第11話
広場全体がざわざわと騒ぎ出し、俺とアリアの会話に視線が集まる。
「年増好きかい?」
アリアは淡々とした口調で話す。
「わからない。なにぶん、経験が少ないんだ。ただ、今まで会ってきた
「私はもう400を過ぎてるよ」
「ならあと、100年は生きられるだな。それにエルフはゆっくりと老いると聞いた」
「エルフでも300歳過ぎたら立派な『行き遅れ』だよ。ヒューマンも20~30くらいで結婚するんだろう?」
俺がいた世界ではもっと早い。女性となればなおさらだ。10歳頃に成人とみなされ15歳に満たずに嫁ぐ娘も珍しくはなかった。
でも、俺を育ててくれた武昌様の正室である#松姫__まつひめ__#様は教えてくれた。
「セツ、若さに惑わされてはいけません」
それは松姫様を見れば誰もが納得する事実だった。最後の戦に旅だったときの松姫様は50を過ぎていた。しかし、女としての魅力は失われることなく、むしろ、出会ったときよりも増していたように思う。
「関係ない」
俺はそう言い切って強く尋ねた。
「俺じゃ駄目か?」
おぉーっ
周囲が静かに盛り上がる。俺たちはすっかり注目の的だ。
「埒が明かないね。すまないが今日中に片付けたいことがあるんで、ここで失礼するよ。……クルク!後は頼んだ」
アリアは近くにいた男に声をかけて、呼び寄せる。
「甥のクルクだ。何でも聞くといい。勝手ながら異世界のことは話してある。こいつは信頼が置ける。私が保証しよう」
そう言って、アリアは小屋の方へ言ってしまった。ルシアはペコリとお辞儀をして元々いた集団の元へと戻っていく。ここぞとばかりにルシアを慰める男の声が聞こえる。

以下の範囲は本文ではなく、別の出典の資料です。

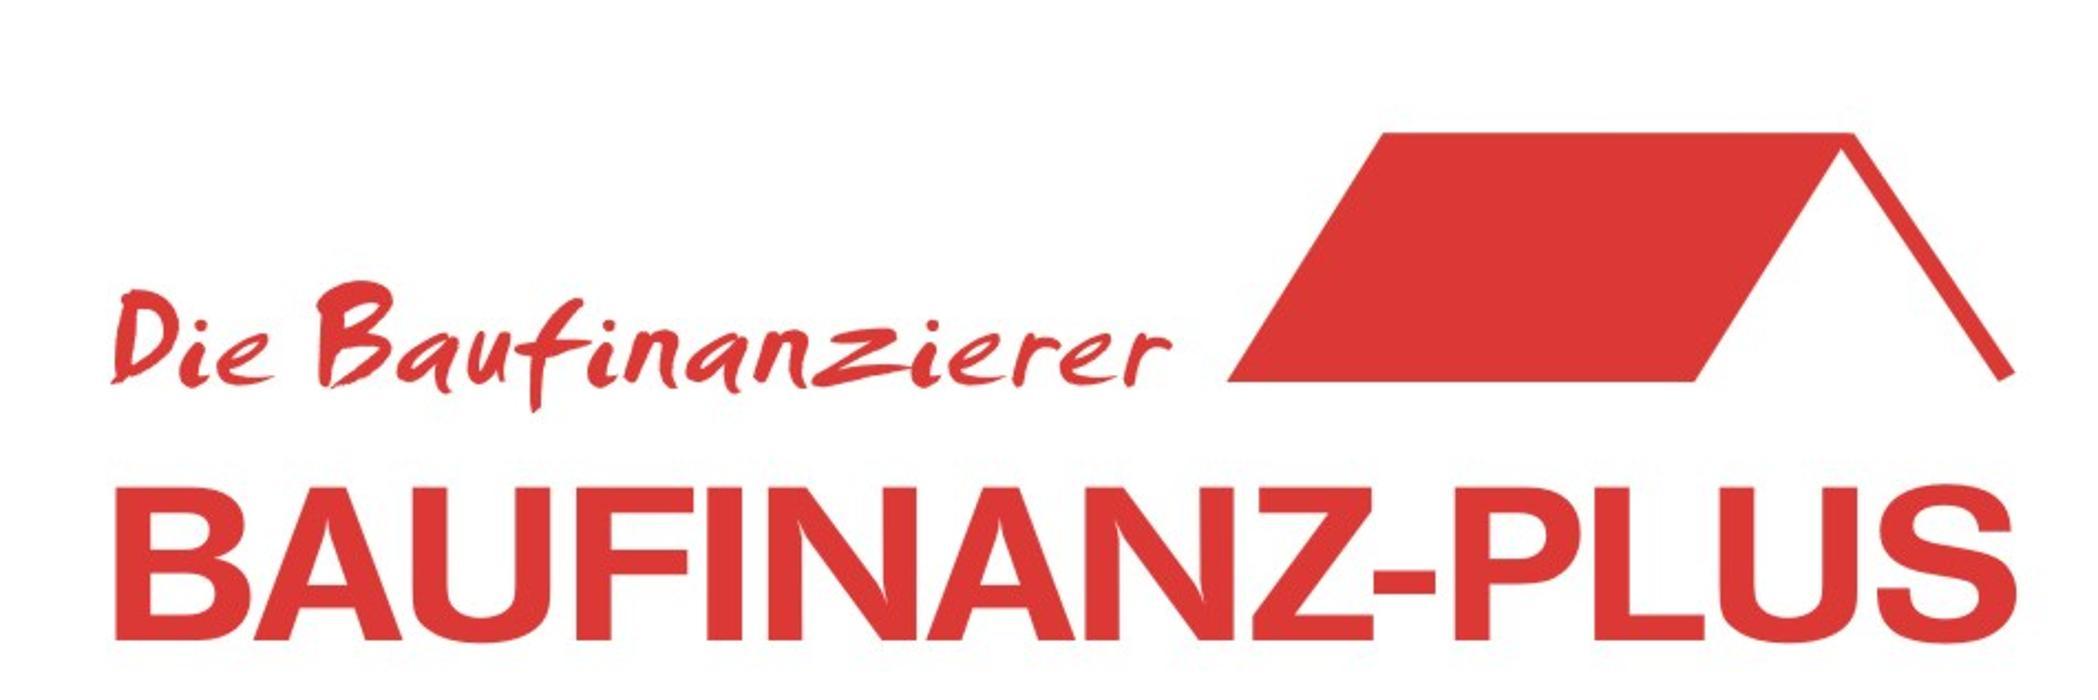 Bild zu Baufinanz-Plus GmbH & Co. KG in Düsseldorf

俺に対する男たちの目線は暖かいそれに変わっていた。愛しの娘を奪う敵ではなくなったようだ。
「セツは勇者だな」
そう言いながらクルクは、アリアがいた俺の隣の席に座る。
「褒め言葉として受け取っておこう。俺は振られたみたいだな」
俺はそう答えながら、クルクのコップにエールを注ぐ。
「そうでもないさ」
クルクの声は真剣だ。からかっているようにはみえない。
「アリアが会話の途中で席を外すことはほとんどない。動揺している証拠だ」
俺はほんの少しの光を見い出した。
「アリアに相手はいないよな?」
「いないよ。早くに族長を継いだからね」
「族長に恋愛はご法度か?」
「いいや、そんなことはない。ただ、族長は集落で一番強いものが継承する決まりなんだ」
つまり、アリアより強くて魅力的な男はいないということか。
「やはり弓矢がうまいのか?」
周りには護衛用なのか、弓矢を近くに置いたエルフたちが多い。アルクの矢もかなりのものだった。
「矢もそうだが、何よりも魔法だな」
「魔法?」
「精霊……」
クルクは言いかけて言葉を止める。
俺が異世界から来たことをクルクも知っているのだろう。他のエルフに悟られるのを気にしたのかもしれない。
「かまわない。この世界のことをもっと知りたいんだ」
アリアのことももっと知りたかった。